Rod Stewart: Still The Same
When Rod Stewart played a sold out, one-night show at London's Royal Albert Hall, it was a victory lap of sorts. Complete with costume changes, a big band orchestra, and swooning women of all ages, Britain's bad boy of pop with the famous punked out hair, was performing in the hallowed halls of royalty.
Some could say that Stewart had arrived: he was reinventing himself as a crooner and selling tickets and albums as easily as he did thirty years before. He said he keeps himself motivated simply because he loves music.
"I mean I love it," he told Sunday Morning correspondent Elizabeth Kaleden. "That's why I don't want to retire. You'll have to push me overboard to get me out of the way."
Stewart got his start in the 1960's, but had grown up a wild lad from North London who's only goal in life was to play professional soccer. One of five children who's parent's owned a newsstand, he turned to singing on the streets when his father gave him a guitar one year. He never studied singing formally.
"When I was in school they used to have music lessons, I'd make out sick and runaway," he said. "The teacher, mean bastard that he was, used to pick on me 'cause I didn't know how to sing, so he'd make me sing in front of the class. He'd say 'come on Stewart, get up and sing this one lad.' Invariably, I'd be missing from school lessons."
Stewart said he figured out that he could sing in his unique raspy style when he was about 19 or 20. Heavily influenced by American R & B artists like Sam Cooke, Muddy Waters and Otis Redding, Stewart initially struggled to find his own style.
"I was getting turned down by all the record companies because they said my voice and my whole look was too rough," he said.
His early bands saw some success, but Stewart's luck really changed in 1971 with the hit that made him a household name: "Maggie May." It was a song he wrote about an ill-fated love affair with an older woman catapulted him to fame. To this day it remains one of a handful of songs to be a number one hit in both the United States and Britain at the same time.
Stewart's solo career took off with a long string of hits – and some misses – that captured the style of the 70s and 80's.

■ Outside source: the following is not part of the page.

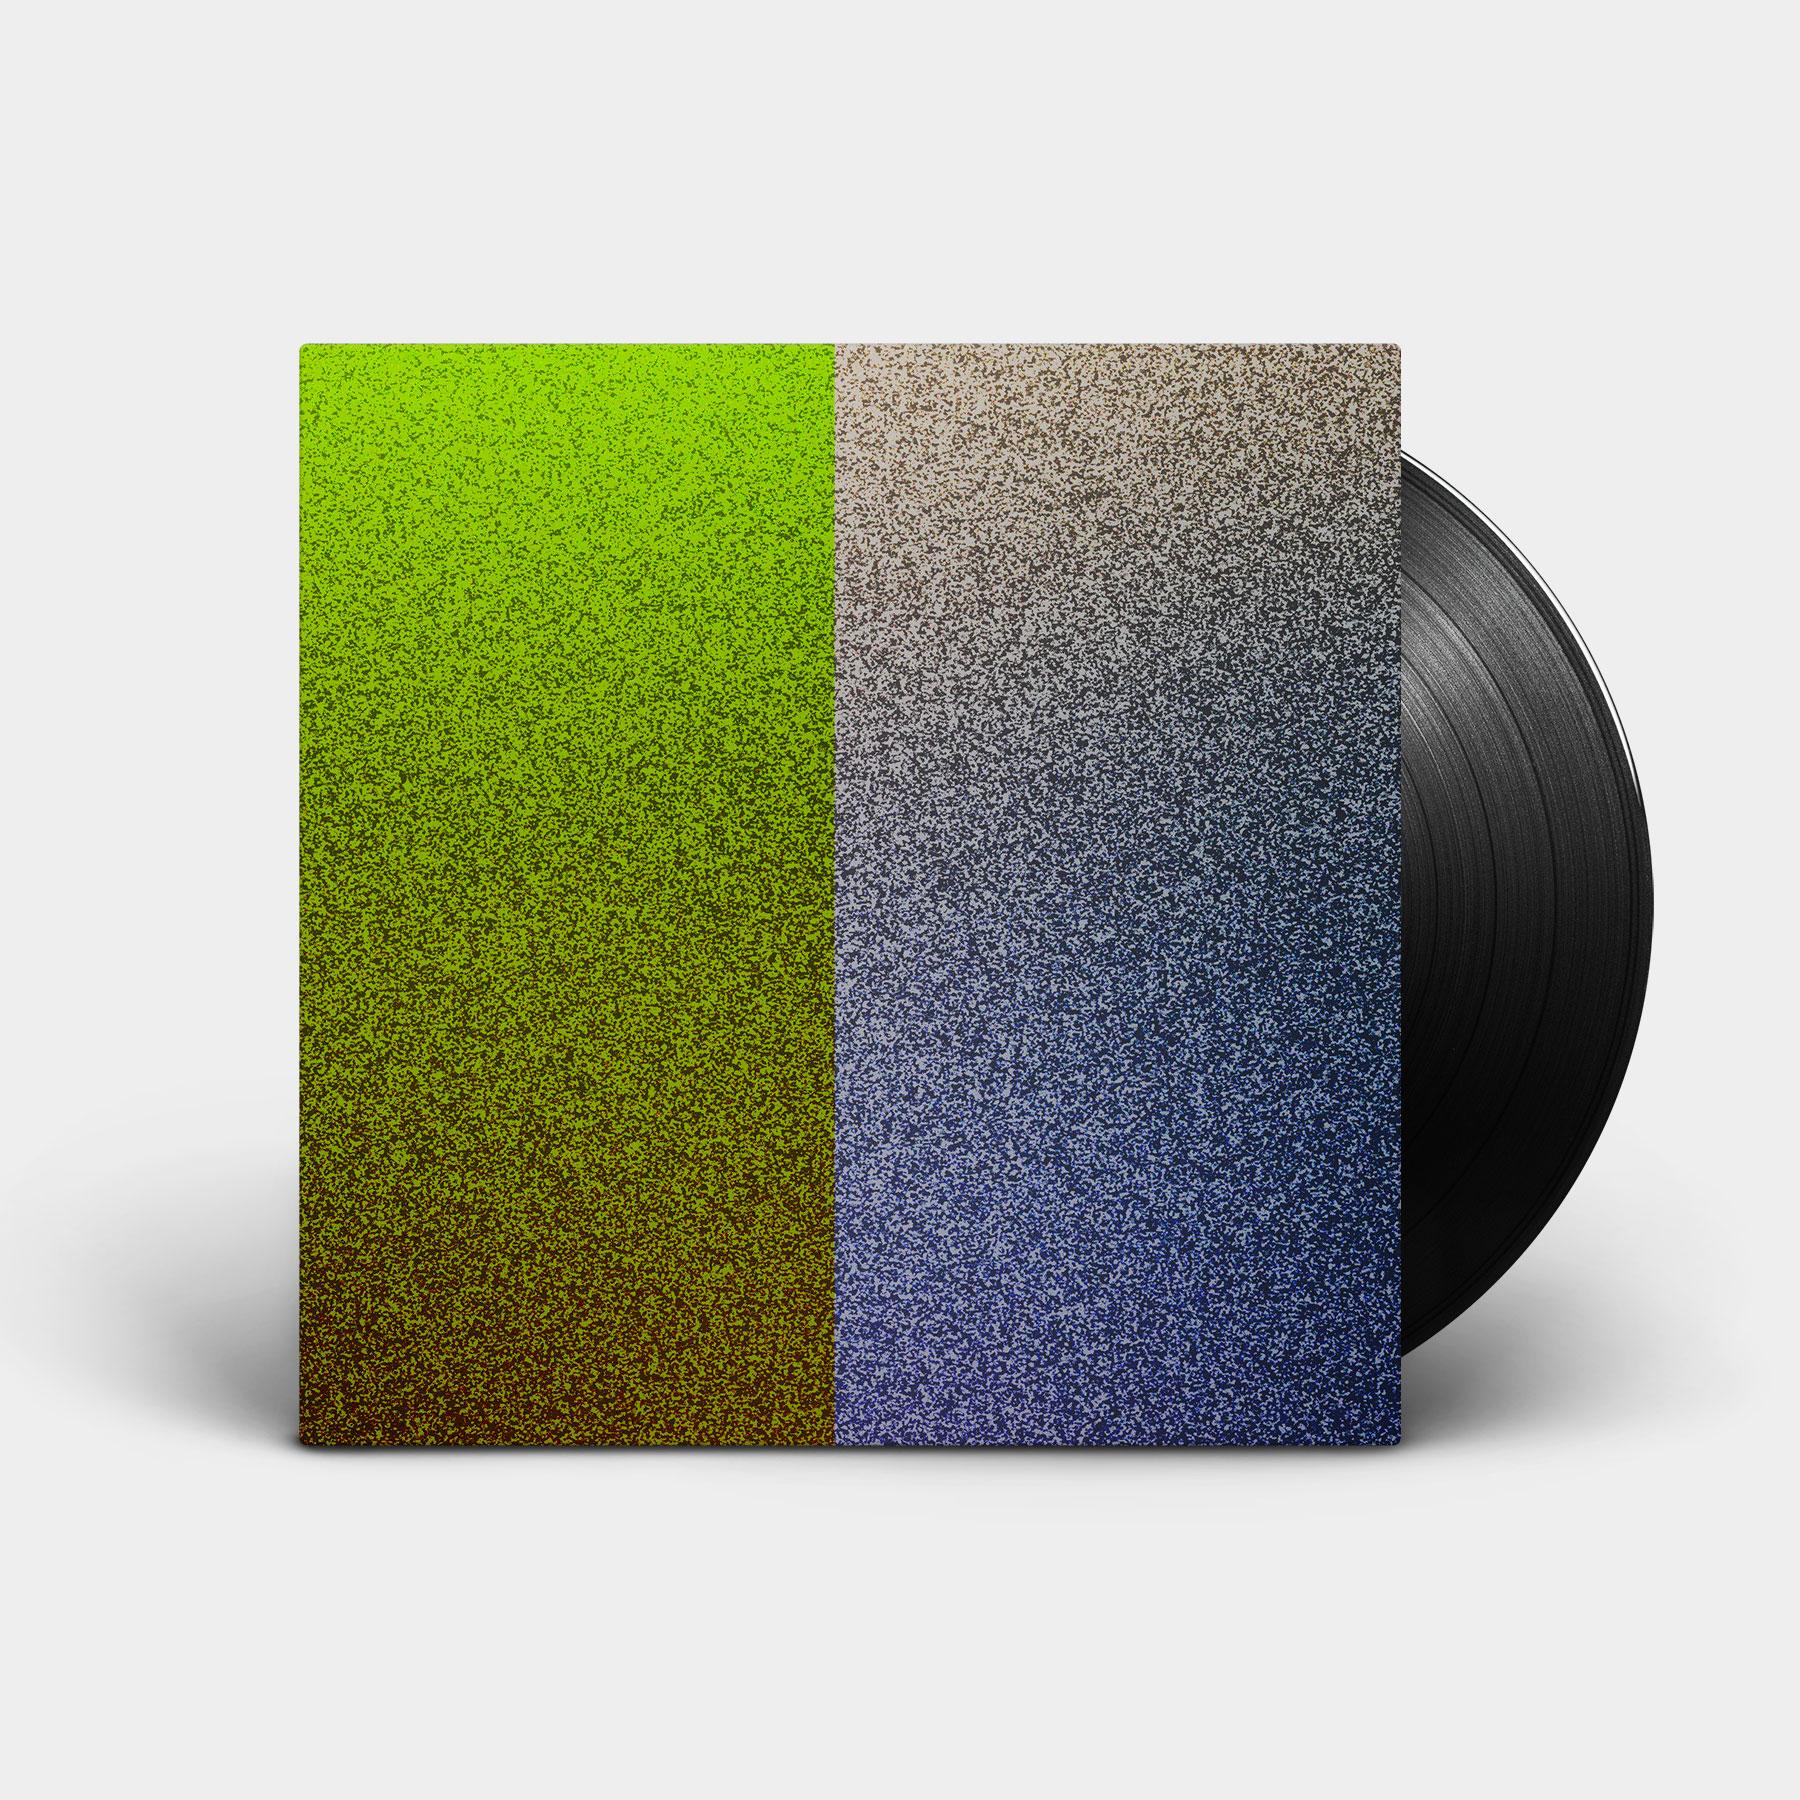 Vinyl-Cover-02

He seemed to have a gift for moving effortlessly from genre to genre, taking hordes of smitten female fans with him.
His life became the stuff of tabloid legend and gossip magazines delved into his marriages and love affairs with a number of leggy blonde beauties, among the most famous, his ex-wife, model Rachel Hunter.
He pushed the envelope with his clothes and embraced the spandex-clad disco years with gusto.
"I'm proud of it," he said of his outfits of yesteryear.
But the disco years were hard on Stewart's image. Punk and new wave were the hot emerging sounds and Stewart's critics were unforgiving, proclaiming him a hack and a has-been. Still, his fans have always come to the rescue. "Do Ya Think I'm Sexy" became his biggest selling single and through the 90's attendance at his live performances broke records.
Stewart says he's always preferred the energy of a live audience – where he's developed a trade-mark of kicking soccer balls into the crowd – to the tedium of studio recording. Yet it's his work in the studio in the last few years that has garnered him his biggest commercial success, and music's biggest prize: a Grammy. Stewart's interpretations of golden oldies, his "Great American Songbook" series, have sold fifteen million discs. To Stewart, making the album was simply a stroll down memory lane:
"You know when I was a kid we used to have these great house parties you know, really big parties at Christmas. Any excuse for everyone to get drunk. And everyone used to fool around and sing those songs. So I was just a wee lad hiding under the piano, I was supposed to be in bed, but you know I crept down so I could watch the adults and that's where I learned most of them."
The "Great American Songbook" series was a commercial triumph, and coming on the heels of his 1999 diagnosis with thyroid cancer, a personal one as well. The cancer nearly ended his singing career.
"I was out actually for about nine months to a year," he said. "Couldn't sing a note really because they cut right through your vocal cords and your voice -- the muscles around your voice go into memory loss."
He bounced back and now at 61, he's returning to his roots and is releasing a new collection of classic rock and roll hits this coming week, called "Still the Same."
"There are certain songs you have to leave alone and certain songs that can be revisited," Stewart said. "And I think we've chosen the ones that needed revisiting. And not everybody's gonna feel that. But these are the ones I thought maybe I could add something vocally to them, you know make a little bit more interesting."
The album includes covers of songs by Bob Dylan, Cat Stevens, and Van Morrison – the quieter side of rock that reflects the quieter side of Stewart.
"More age-appropriate, I suppose," he said.
For his next act, he says he's considering a return to writing his own songs, which he left behind because he's a "lazy bugger."
"Writing songs for me has always been difficult," he said. "You know, I have to sit down and finish the lyrics and then write and go lock myself in a room and I avoid it like the plague."
On the contrary, Stewart manages to live the life of a much younger man. He works out every day and he and his fiancée British model Penny Lancaster, 35, have a ten month old son Alastair. But even Stewart admits he's slowing down. He's more dedicated to his music, his privacy and his children.
"But you know, I haven't joined the pipe and slipper club yet," he said.